Background

Heart disease is a leading cause of mortality in western society [1]. Understanding the complex interplay between molecules within cells and the interactions between cells in the healthy human adult heart is essential for developing novel treatment and improving current treatment strategies for various cardiac diseases. Identification of and characterization all cell types within normal human heart tissue is an important first step. Single cell RNA-sequencing (scRNA-seq) enables the study of cell heterogeneity within a tissue, and identification of small cell populations not detectable by bulk methods. Single cell transcriptomes provide insight into biological pathway activity, thereby illuminating biological function of the identified cell types.

Recent advances in commercialization of microfluidic systems for isolating individual cells and preparing single cell transcriptomic libraries have enabled researchers to study thousands of cells from a single tissue sample. Multiple studies analyzing the single cell transcriptional profiles in rodent embryonic and adult hearts have been reported, uncovering important cell populations, interactions and transcription patterns relevant to mammalian heart development and disease [2,3,4,5]. The adult human heart is particularly challenging, however, as fresh tissue is difficult to obtain due to scarcity of samples, and those that are obtained often must be frozen for future analysis. Procedures for harvesting and cryopreserving tissues for biobanking that facilitate advanced single cell analyses in the human heart have not yet been standardized. Porcine hearts have often been used to model human hearts for surgical and interventional procedures, given their comparable sizes [6]. Two recent studies surveyed multiple regions of the human heart through single nuclei RNA-sequencing (snRNA-seq), identifying differences in cell types and cell subtypes between the atria and ventricles, but also between the right and left ventricles [7, 8]. These studies used different tissue processing methods and involved large consortia for tissue collection, processing and data analysis. Only one of these studies included the interventricular septum (IVS) as one of the anatomical regions studied [8]. The IVS is an important region of the heart, playing roles in the function of both the left and right ventricle and is frequently abnormal in hypertrophic cardiomyopathy. Understanding the cell populations present in the normal adult IVS and their potential biological roles will provide insight into normal and diseased IVS function.

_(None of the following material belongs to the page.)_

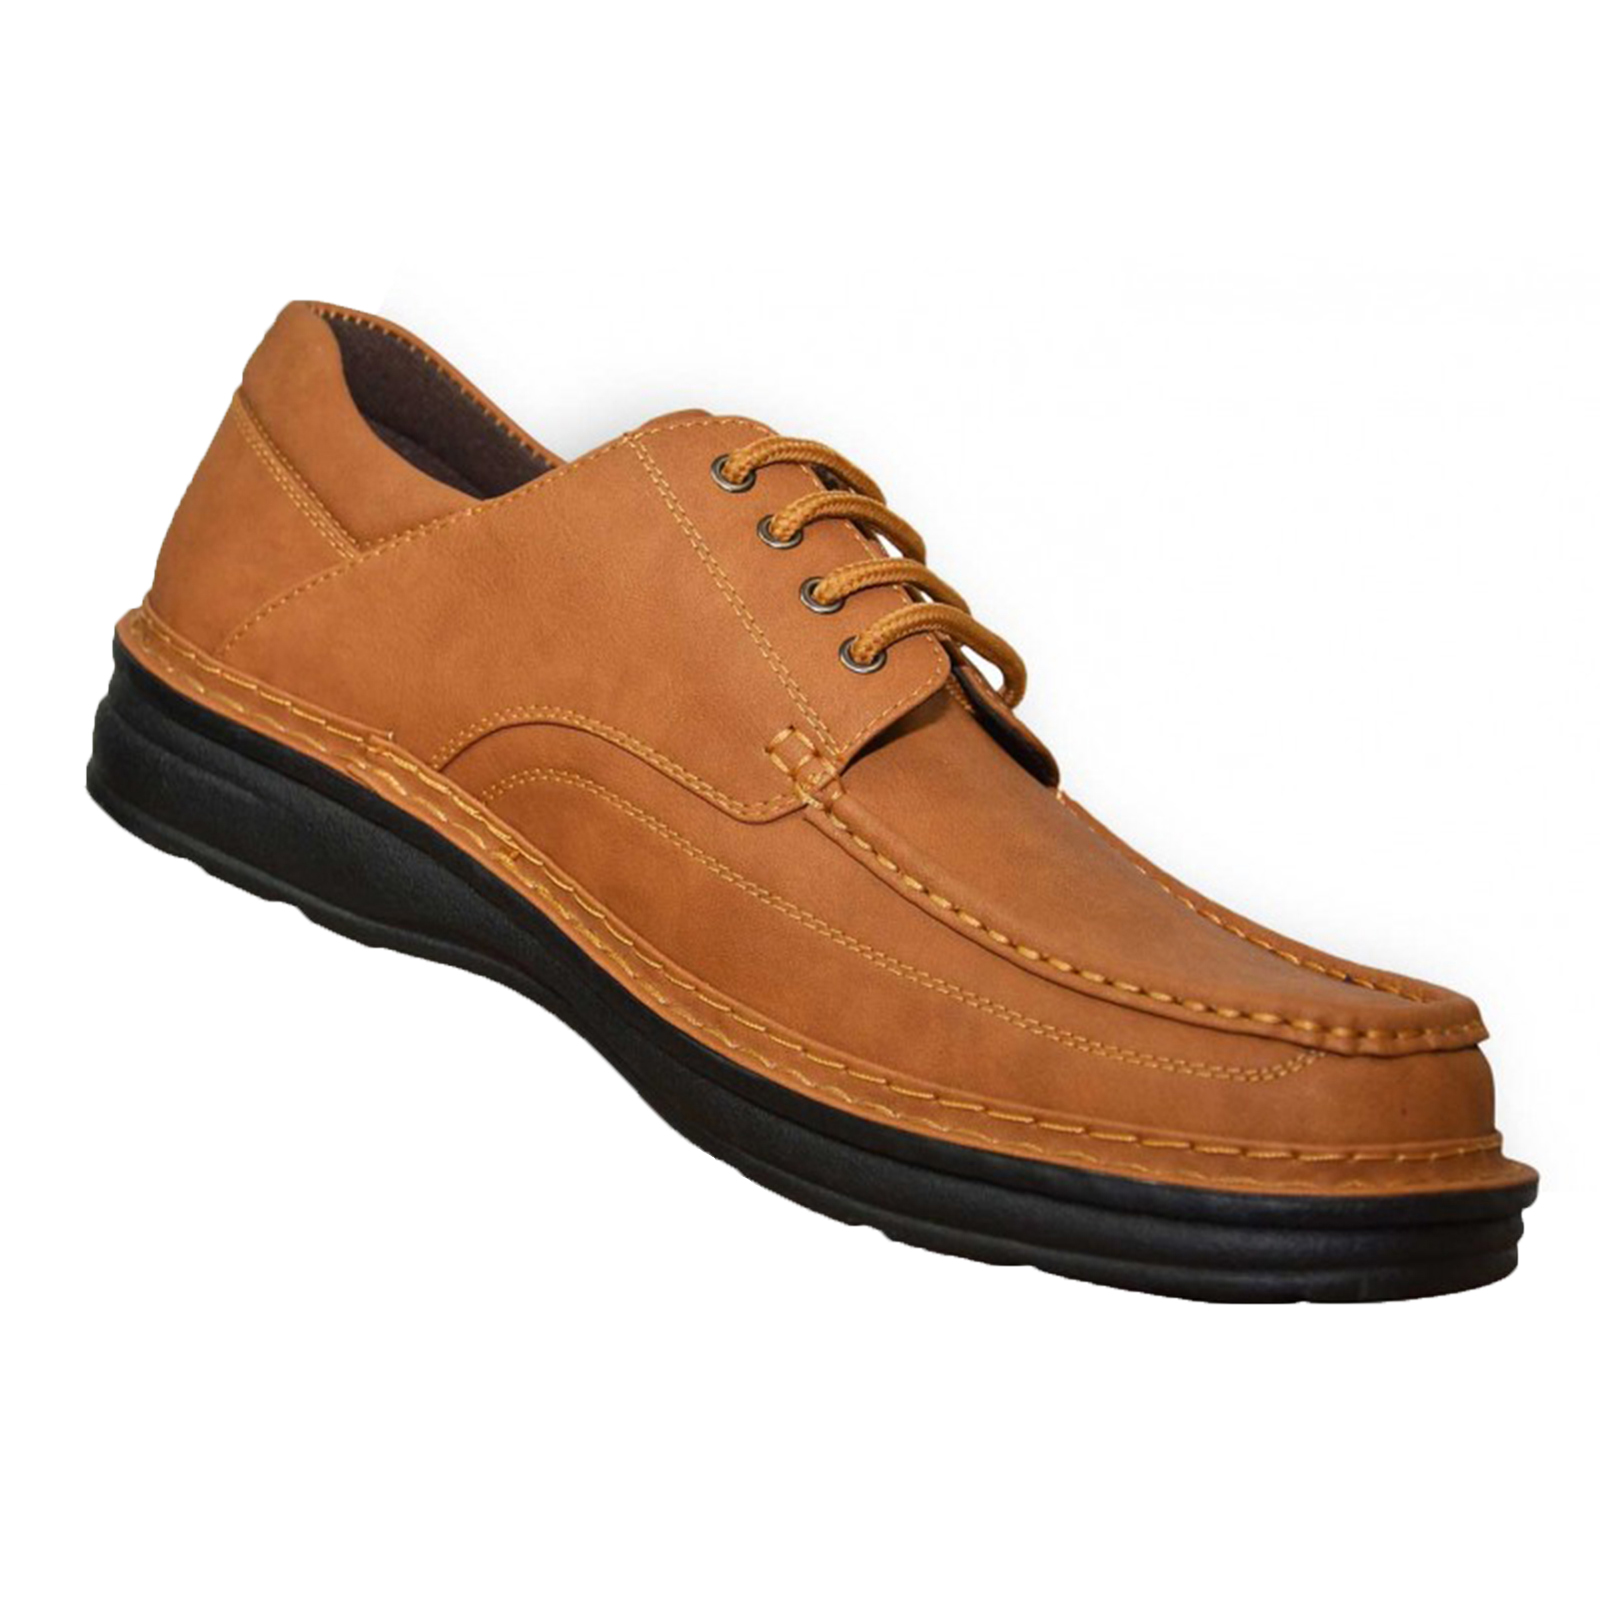 Duke-D555-Keanu-para-hombre-Big-King-Size-Zapatos-Con-Cordones-Calzado-de-Disenador-de-Cuero-PU miniatura 6

Here, we present a simple adult human heart tissue dissection and cryopreservation method that allows for later isolation of single nuclei for use in commercial microfluidic platforms to generate single nuclei-RNA sequencing libraries (Fig. 3a). This method can be performed by most labs with simple laboratory equipment and access to core facilities. This method of cryopreservation and processing is simpler than previously described methods and yields comparable results [7, 8]. Additionally, this method would be useful for tissues in which separation into single cells is challenging, such as the heart and brain. Using this method, we have generated a dataset demonstrating the cellular diversity of the normal adult human IVS.

Methods

Sample cryopreservation and RNA quality assessment

Fresh, discarded pig hearts were obtained from the Surgical Research Laboratory at Tufts Medical Center and immediately placed on ice. 100 mg samples were cut from the IVS, minced into 1 mm3 pieces and either cryostored or used immediately for nuclei isolation as described below. Human myectomy samples were minced and cryostored as described below. Unused donor hearts were perfused with Wisconsin solution and transported on ice. 100 mg samples were cut from the IVS, minced into 1 mm3 pieces, placed in 0.5 mL of CryoStor CS10 Freeze Media (STEMCELL Technologies), and stored in a MrFrosty (ThermoFisher) at 4 °C for 10 min and then transferred to − 80 °C overnight. Bulk RNA was isolated from a piece of tissue using the Qiagen RNeasy Plus Micro kit and then assessed on the Agilent Bioanalyzer 2100. Samples with an RNA Integrity Number greater than 8.5 were used in library preparation.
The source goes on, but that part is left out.